WHAT THE TASK REQUIRES: Only the lines below from the one that contains "RELEASE DATE: February" through the one that contains "Copa America outrage" should appear in your answer, exact and without pictures.

RECORD EXCERPTS:
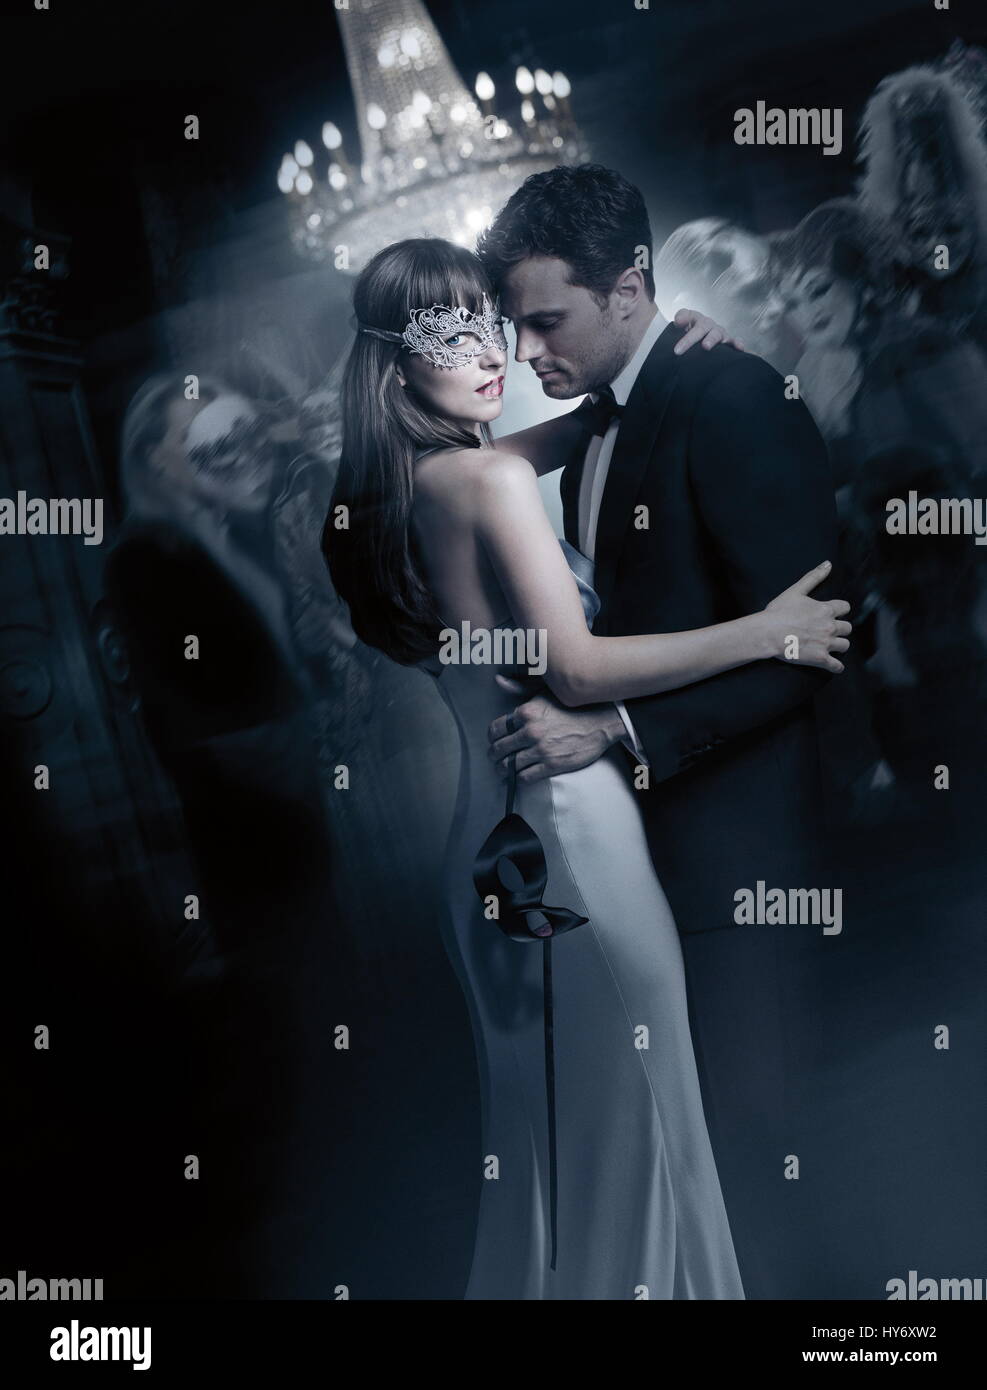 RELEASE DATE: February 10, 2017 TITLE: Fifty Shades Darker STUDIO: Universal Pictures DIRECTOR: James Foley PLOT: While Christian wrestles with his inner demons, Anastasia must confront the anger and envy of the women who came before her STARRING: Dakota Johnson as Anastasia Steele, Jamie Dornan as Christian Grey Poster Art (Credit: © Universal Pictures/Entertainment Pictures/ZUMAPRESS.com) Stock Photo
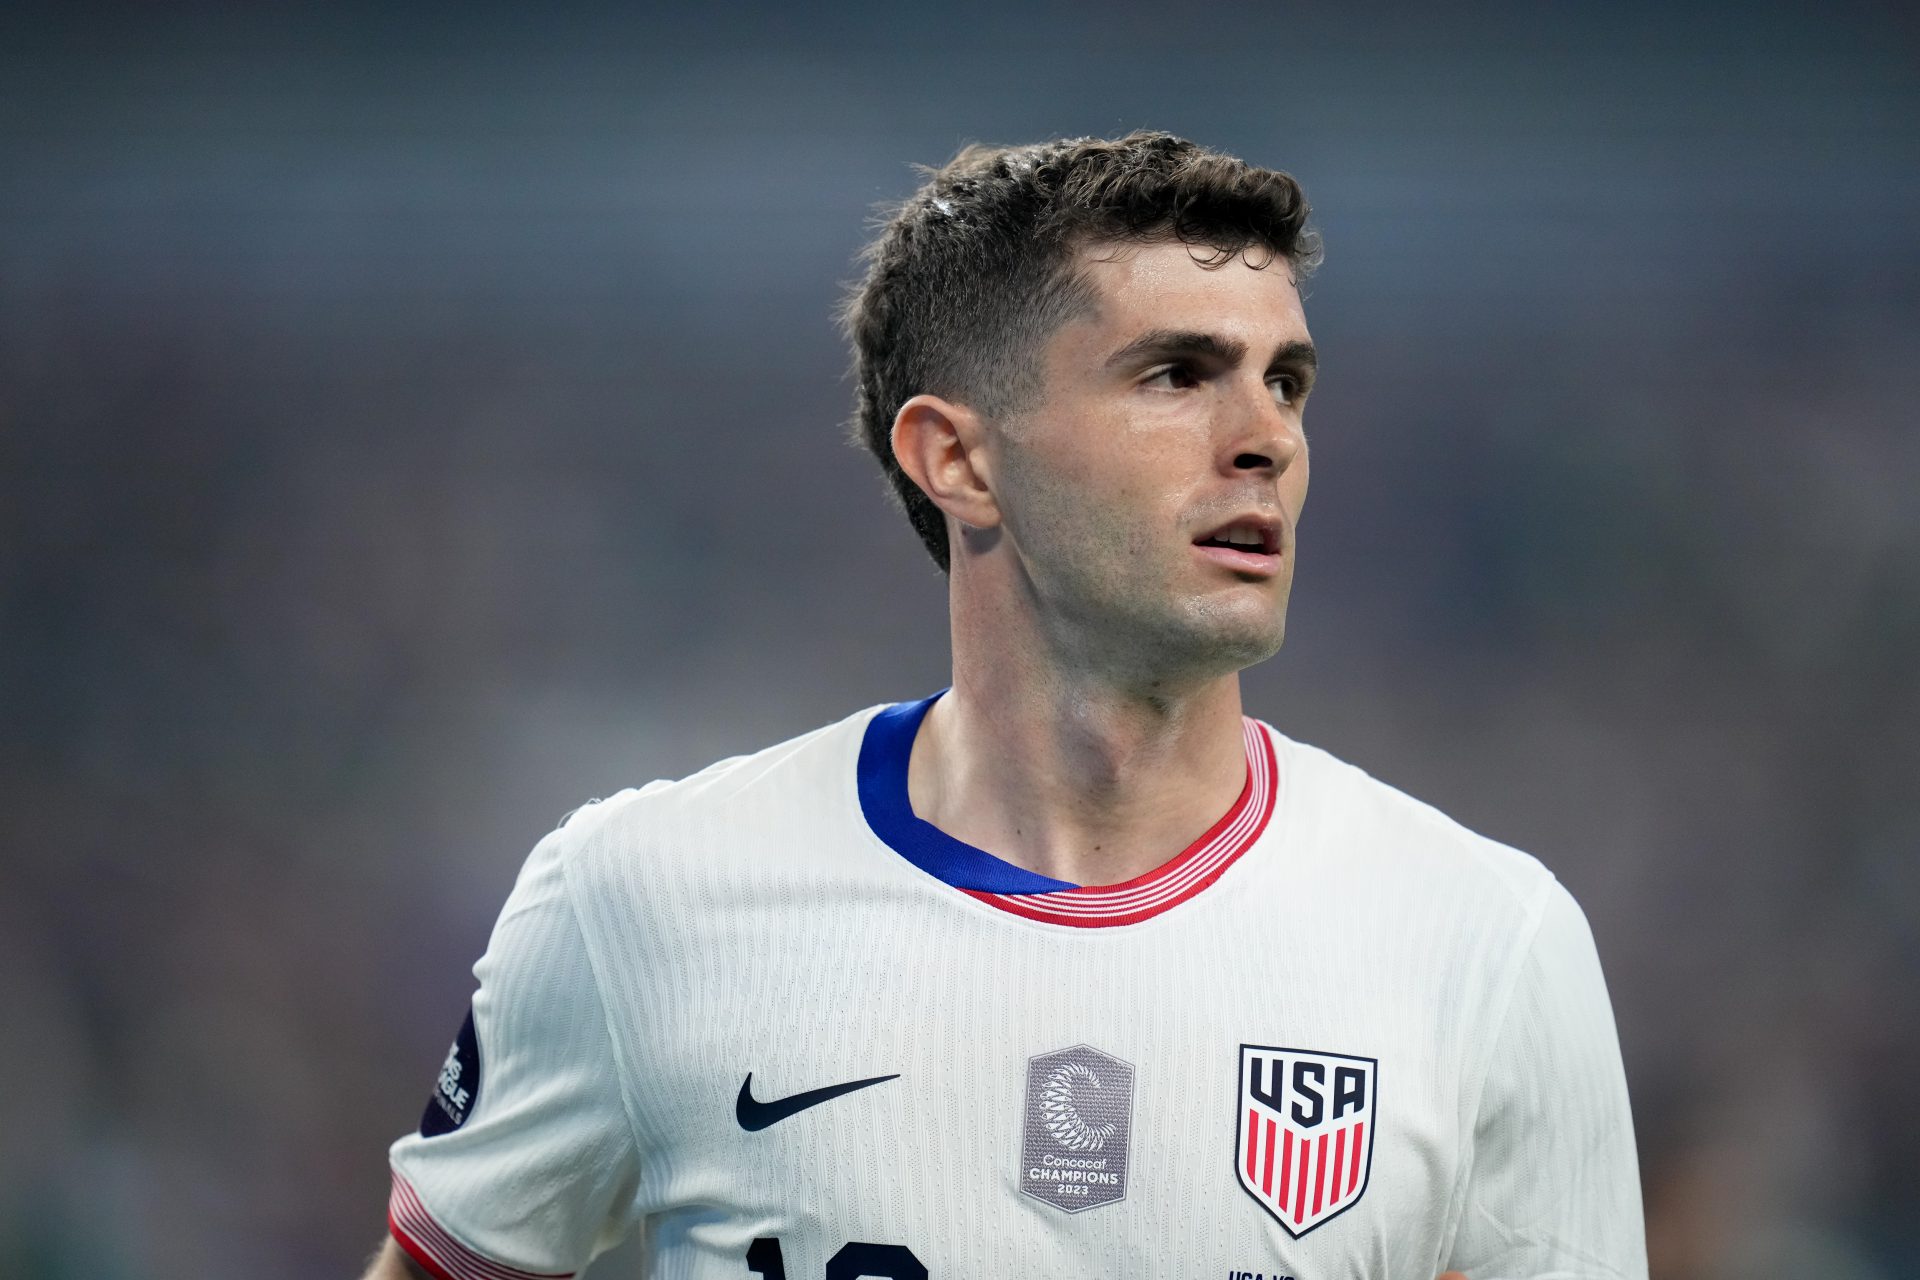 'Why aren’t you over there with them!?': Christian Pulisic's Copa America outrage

* * *

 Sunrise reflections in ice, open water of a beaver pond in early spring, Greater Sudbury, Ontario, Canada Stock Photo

SOLUTION:
 RELEASE DATE: February 10, 2017 TITLE: Fifty Shades Darker STUDIO: Universal Pictures DIRECTOR: James Foley PLOT: While Christian wrestles with his inner demons, Anastasia must confront the anger and envy of the women who came before her STARRING: Dakota Johnson as Anastasia Steele, Jamie Dornan as Christian Grey Poster Art (Credit: © Universal Pictures/Entertainment Pictures/ZUMAPRESS.com) Stock Photo
 'Why aren’t you over there with them!?': Christian Pulisic's Copa America outrage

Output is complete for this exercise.